Penghasilan ekonomi keluarga nelayan di Indonesia, 48 persen berasal dari perempuan. Untuk itu, pemerintah perlu memberikan pengakuan dan perlindungan kepada perempuan nelayan di Indonesia.
Pelaksana Sekretaris Jenderal Koalisi Rakyat untuk Keadilan Perikanan (Kiara) Armand Manila menyatakan, jika Undang Undang Nomor 7 Tahun 2016 tentang Perlindungan dan Pemberdayaan Nelayan, Pembudidaya Ikan dan Petambak Garam tidak mewakili kepentingan perempuan di 10.666 desa pesisir di Indonesia.
Untuk itu, menurut Armand Manila, negara melalui pemerintah juga harus segera memberikan pengakuan politik kepada perempuan nelayan.
Menanggapi hal ini, Sekretaris Jenderal Persaudaraan Perempuan Nelayan Indonesia (PPNI) Masnuah mengaku, pihaknya masih mendorong negara untuk memberikan pengakuan politik kepada mereka.
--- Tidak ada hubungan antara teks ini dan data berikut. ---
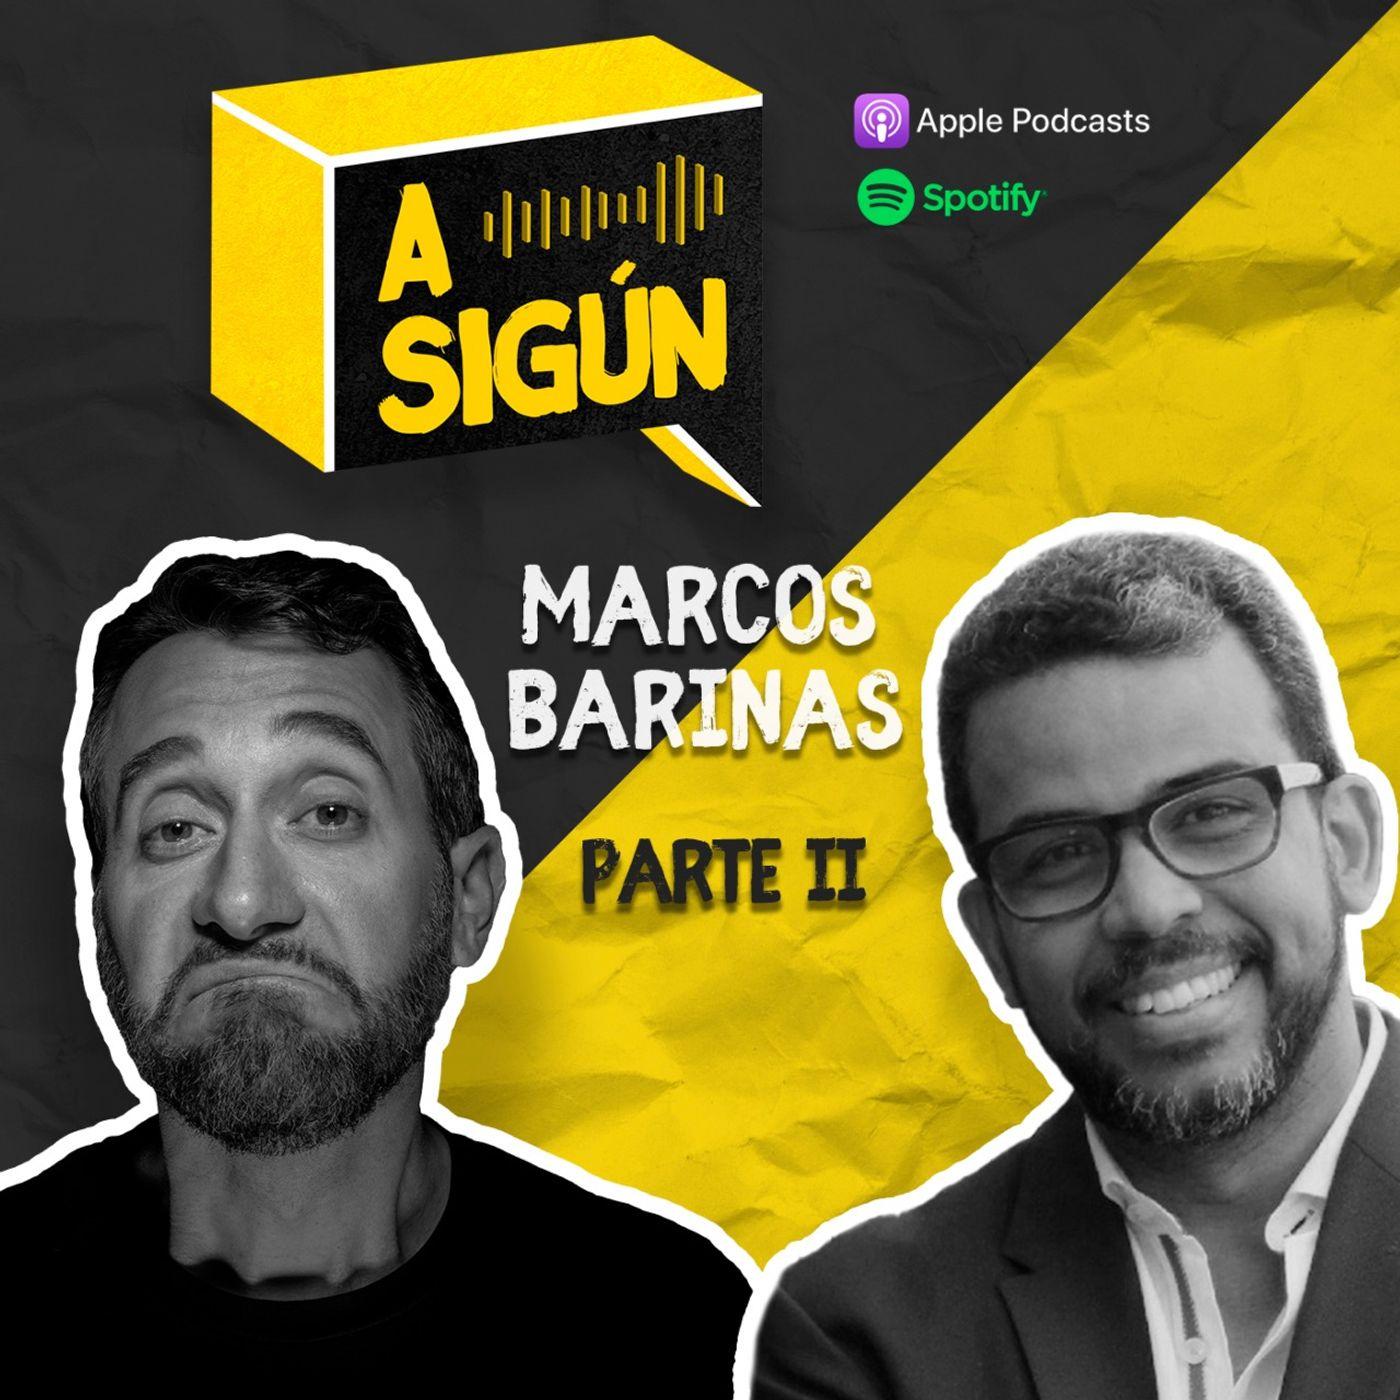 005. A SIGÚN: Marcos Barinas PT2
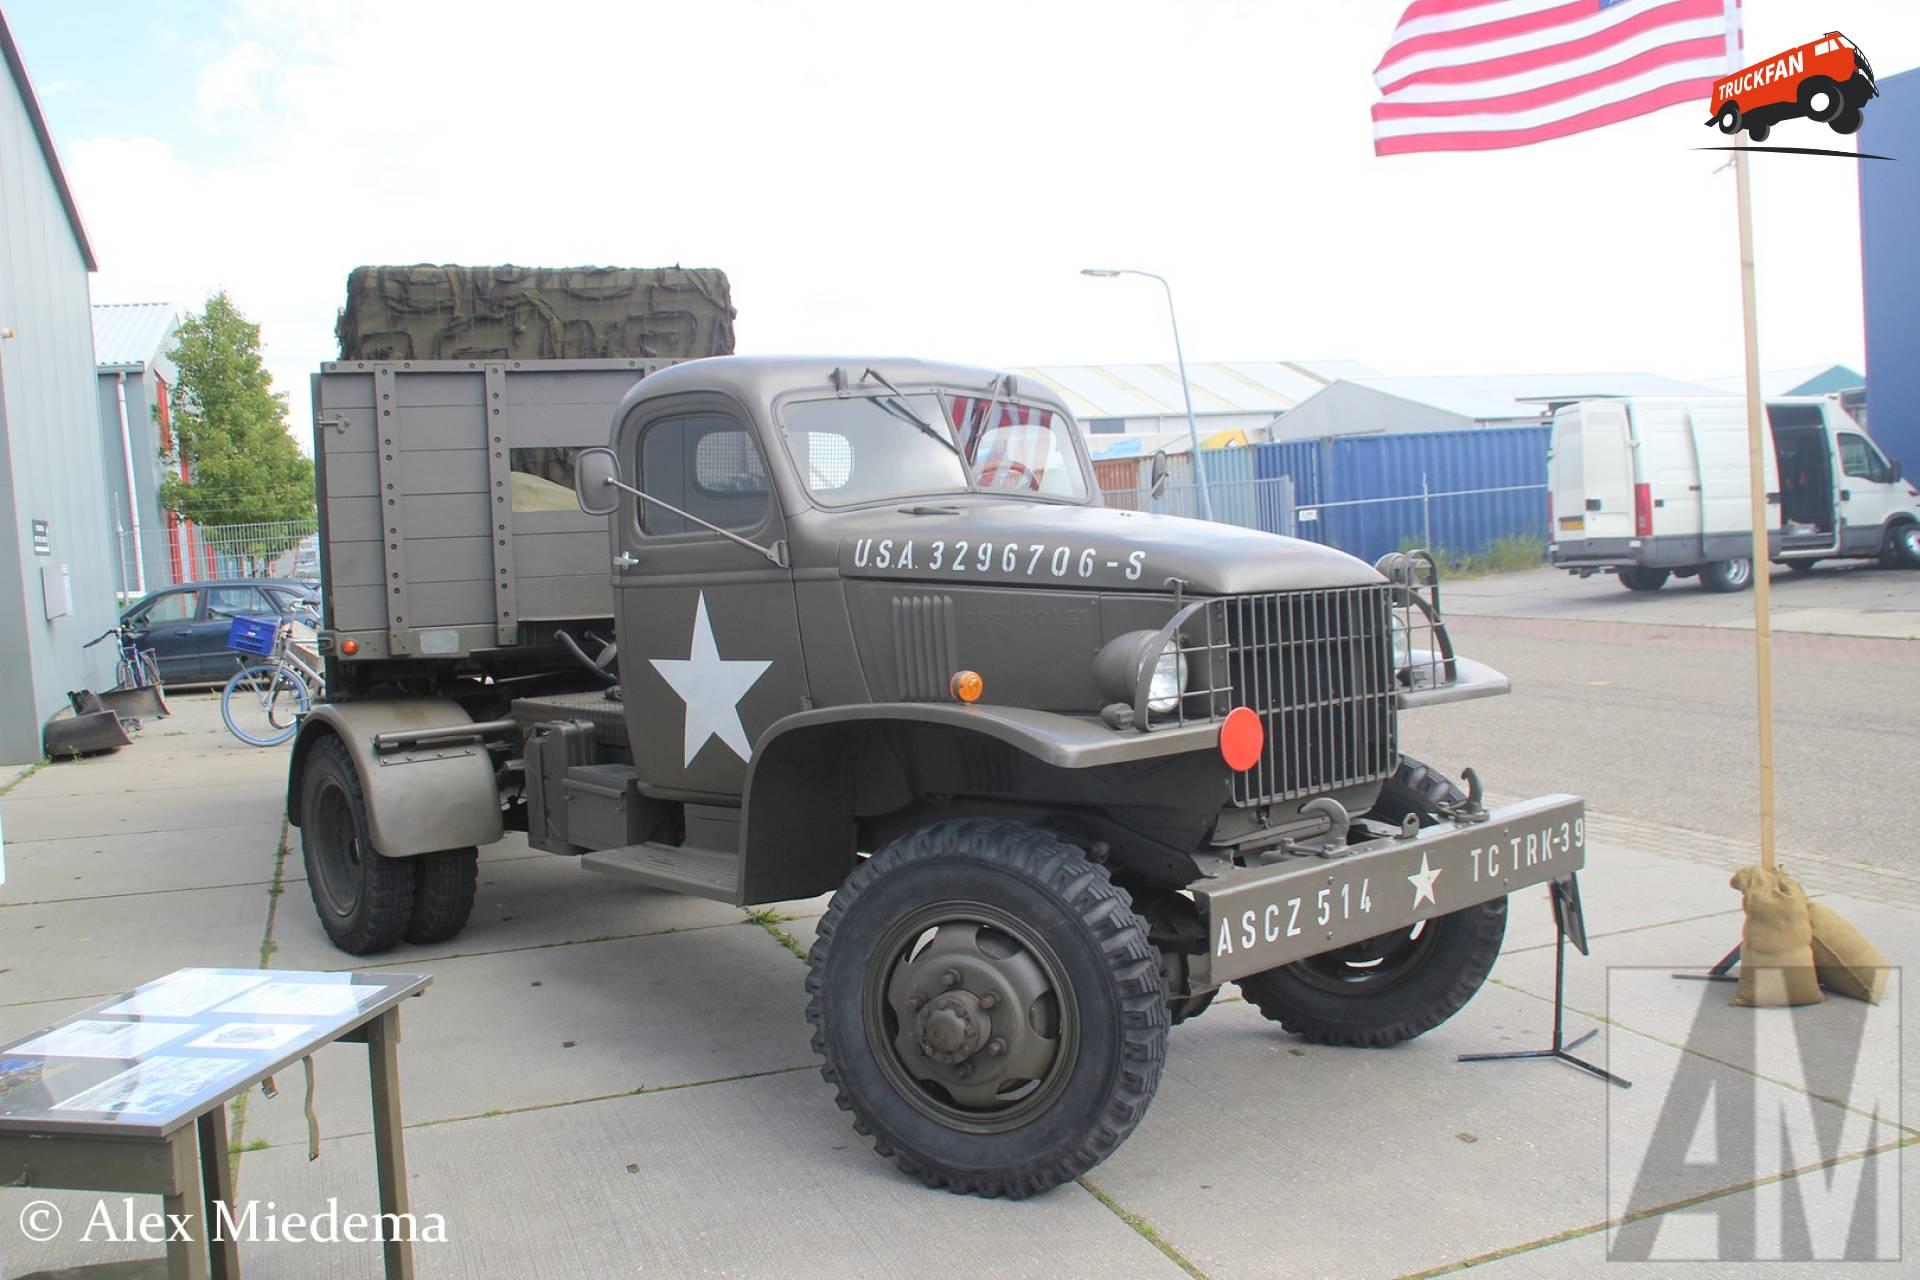 Chevrolet G-7113

Ia juga mengakui, pengakuan politik dari negara itu sangat penting untuk melindungi perempuan nelayan.
“Kenapa pengakuan politik itu penting? Contoh kasus, dari 1.000.000 asuransi nelayan yang difasilitasi negara, nyatanya hanya ada dua orang perempuan dari Gresik, Jawa Timur yang mendapatkan asuransi nelayan. Itu pun setelah melalui proses perdebatan panjang dengan dinas kelautan dan perikanan,” ungkap Masnuah, seperti dilansir Antara, Kamis (/3).
Selain itu, ujar dia, pihaknya juga belum bisa melihat anggaran KKP yang dinilai masih belum berpihak dan diperuntukkan untuk perempuan nelayan.
Sebelumnya, sektor kemaritiman Nasional dan berbagai lembaga yang terkait dengan sektor tersebut perlu memiliki alokasi anggaran responsif gender yang mesti menjadi prioritas dan sinergi dari antarkementerian.
“Kami mendesak kepada pemerintah pusat untuk memprioritaskan kinerja perencanaan dan penganggaran responsif gender di kementerian atau lembaga negara yang bekerja di bidang kemaritiman,” ujar Direktur Eksekutif Center of Maritime Studies for Humanities Abdul Halim.
Menurut dia, terbitnya UU No. 7/2016 merupakan langkah maju dalam upaya pembelaan hak-hak konstitusional perempuan nelayan di sektor perikanan dan pergaraman skala kecil.
Abdul Halim mengingatkan bahwa Pasal 45 UU No. 7/2016 Tentang Perlindungan dan Pemberdayaan Nelayan, Pembudidaya Ikan, dan Petambak Garam menyebutkan, “Kegiatan pemberdayaan harus memperhatikan keterlibatan dan peran perempuan dalam rumah tangga nelayan, rumah tangga pembudidaya ikan, dan rumah tangga petambak garam”.
“Agar keberadaan UU tersebut memberi manfaat luas kepada perempuan nelayan di rumah tangga nelayan, rumah tangga pembudidaya ikan, dan rumah tangga petambak garam, maka kinerja bidang kemaritiman harus disertai dengan alokasi anggaran yang diorientasikan untuk mengatasi adanya perbedaan akses, partisipasi, kontrol, dan manfaat pembangunan bagi perempuan nelayan,” pungkasnya.